---- DATA FOR THIS EXERCISE

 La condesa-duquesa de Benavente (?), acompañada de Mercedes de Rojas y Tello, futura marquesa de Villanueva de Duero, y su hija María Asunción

--------
---- DATA FOR THIS EXERCISE

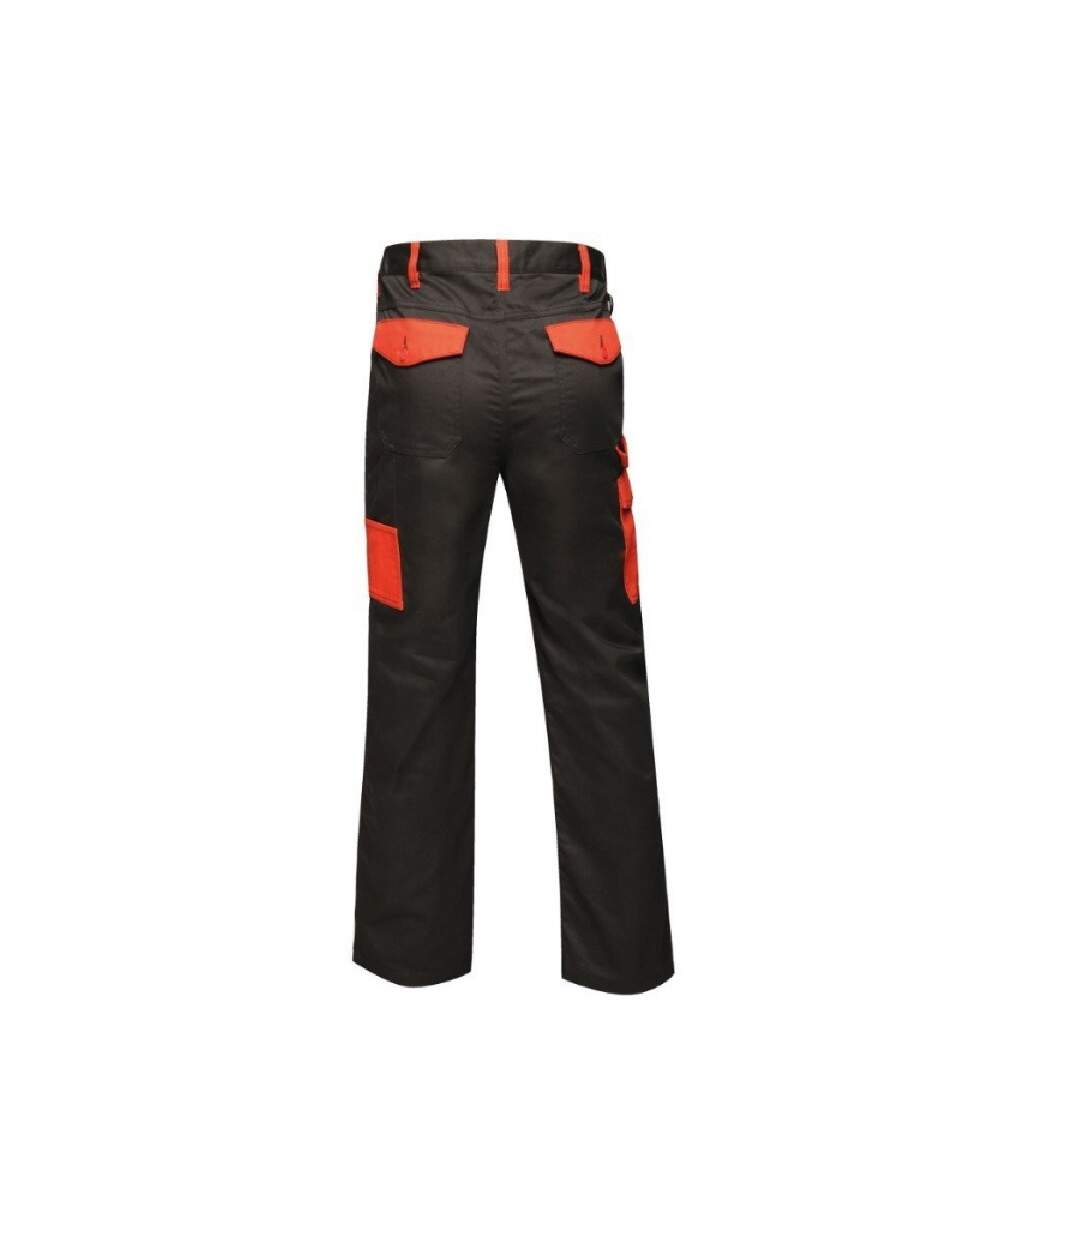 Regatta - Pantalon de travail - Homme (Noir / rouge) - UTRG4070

--------
---- DATA FOR THIS EXERCISE

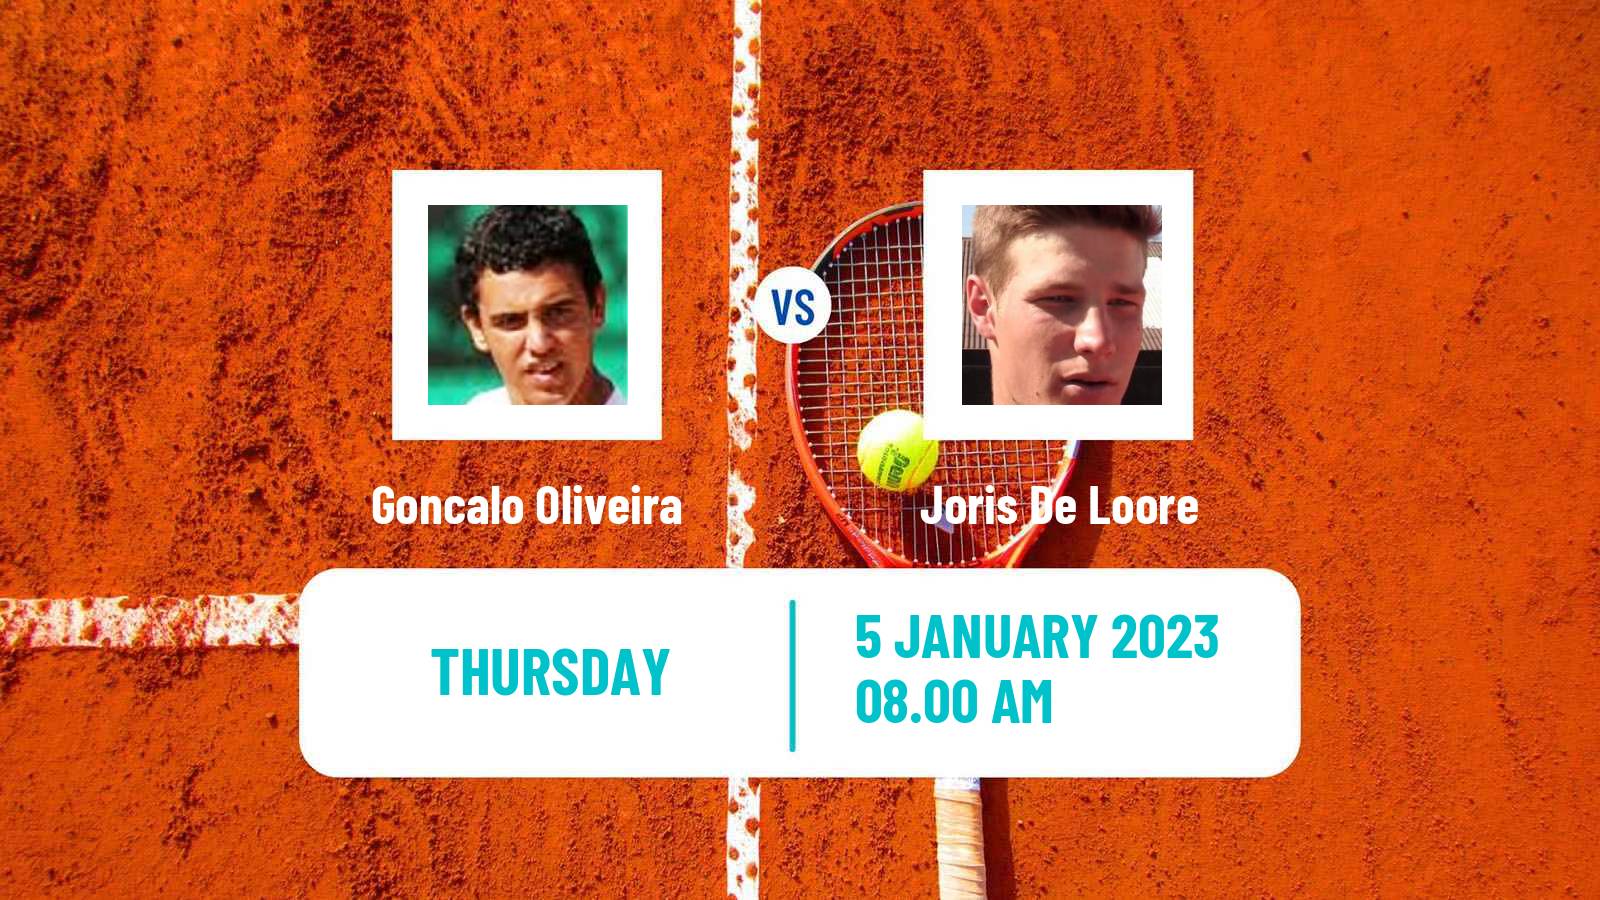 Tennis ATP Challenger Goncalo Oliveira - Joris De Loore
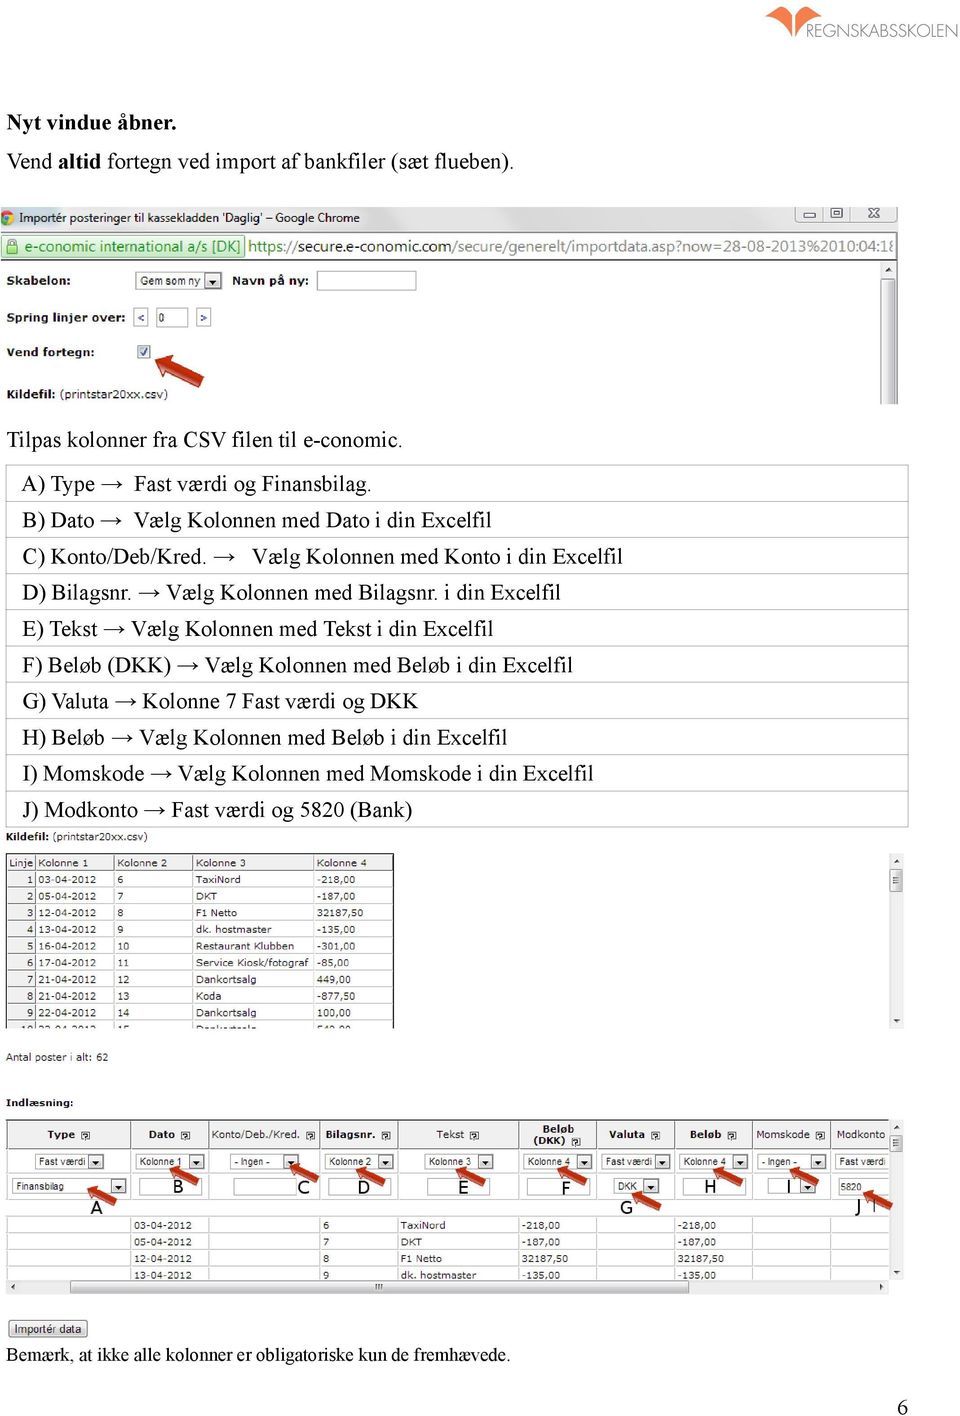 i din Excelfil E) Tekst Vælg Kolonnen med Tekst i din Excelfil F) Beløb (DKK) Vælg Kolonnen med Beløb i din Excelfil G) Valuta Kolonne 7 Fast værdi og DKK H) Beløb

--------

• _BRIEF_
Only one stretch of the listing is wanted: the lines starting at the one with "Tennis ATP Challenger" and ending at the one with "i din Excelfil E)", copied exactly and free of pictures.

• _EXERCISE SOLUTION_
 Tennis ATP Challenger Goncalo Oliveira - Joris De Loore
 i din Excelfil E) Tekst Vælg Kolonnen med Tekst i din Excelfil F) Beløb (DKK) Vælg Kolonnen med Beløb i din Excelfil G) Valuta Kolonne 7 Fast værdi og DKK H) Beløb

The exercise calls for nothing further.